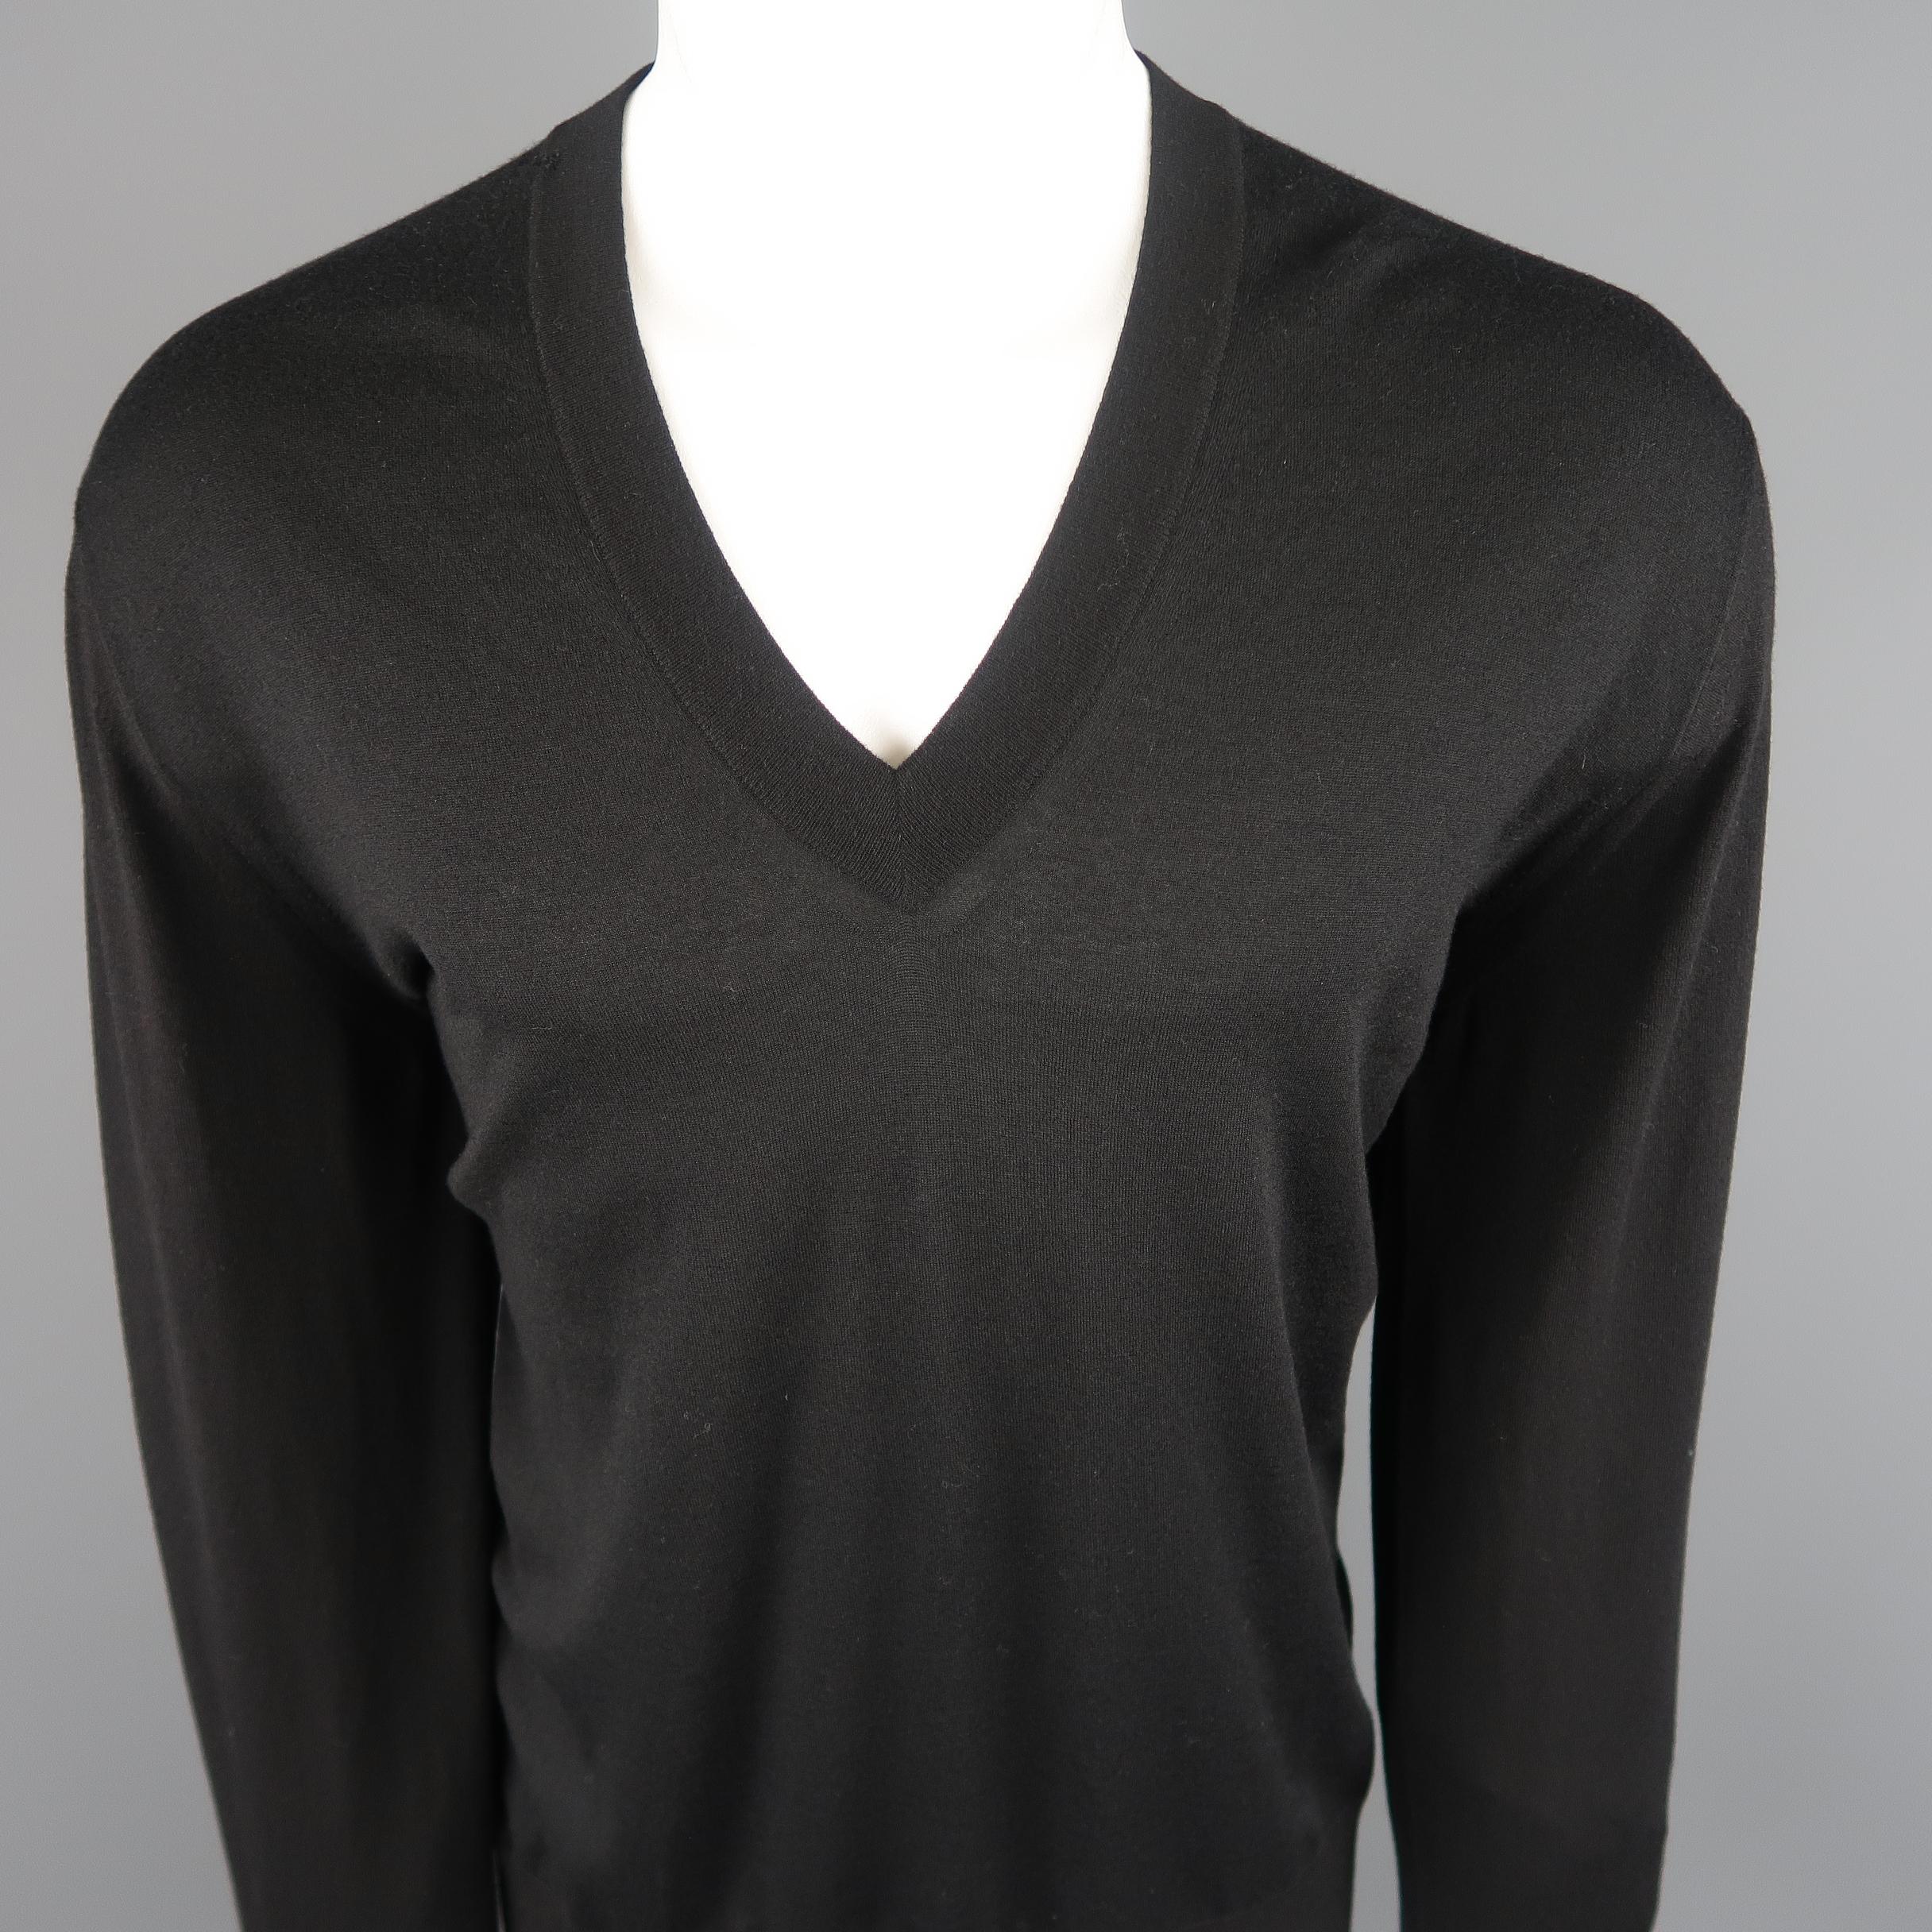 Dolce & Gabbana Size XL pullover come in Cashmere in a black tone knit, with a V-neck, and ribbed cuff and waistband. Made in Italy.
 
FAIR  Pre-Owned Condition.
Marked: XL
 
Measurements:
 
Shoulder: 20 in.
Chest: 23.5 in.
Sleeve: 29.5 in.
Length:
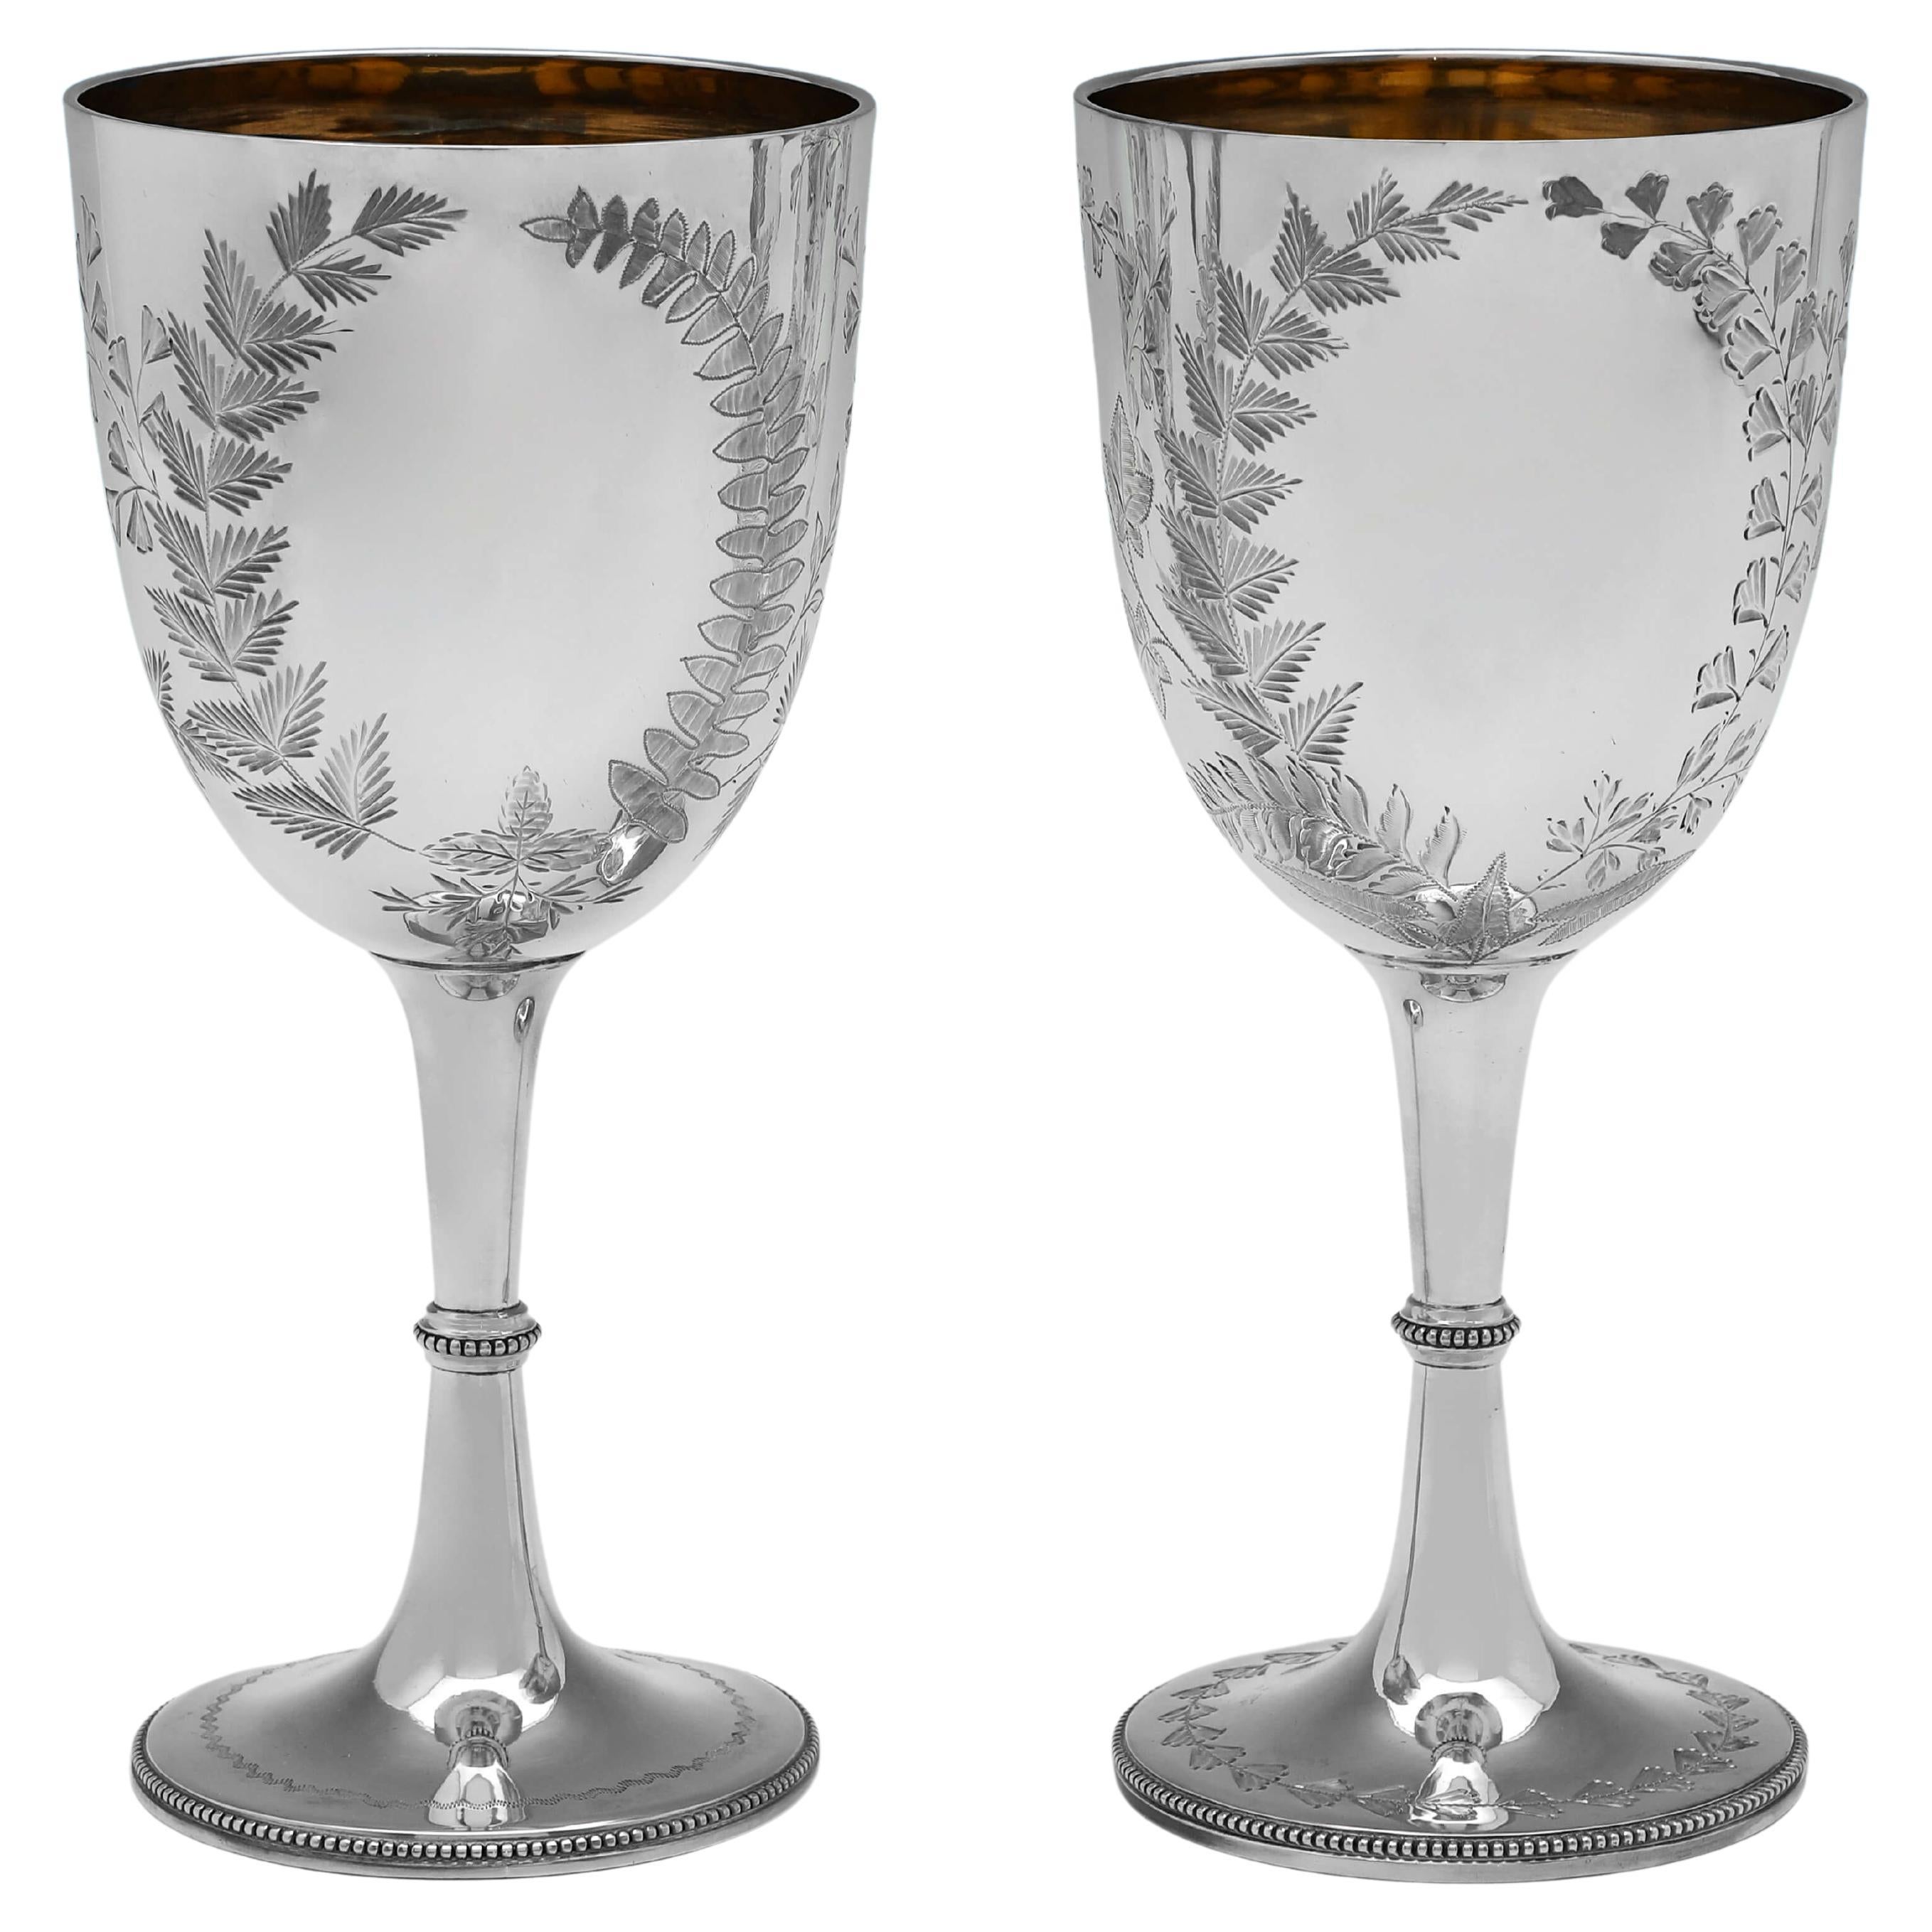 Victorian Antique Sterling Silver Pair of Wine Goblets - Henry Atkin 1883 & 1884

· · · · ·

▶ _Problem_: Pictures stay out; everything else in the listing above gets restated word for word.

▶ _Solution to this problem_:
 Dolce & Gabbana Size XL pullover come in Cashmere in a black tone knit, with a V-neck, and ribbed cuff and waistband. Made in Italy.
 
FAIR  Pre-Owned Condition.
Marked: XL
 
Measurements:
 
Shoulder: 20 in.
Chest: 23.5 in.
Sleeve: 29.5 in.
Length:
 Victorian Antique Sterling Silver Pair of Wine Goblets - Henry Atkin 1883 & 1884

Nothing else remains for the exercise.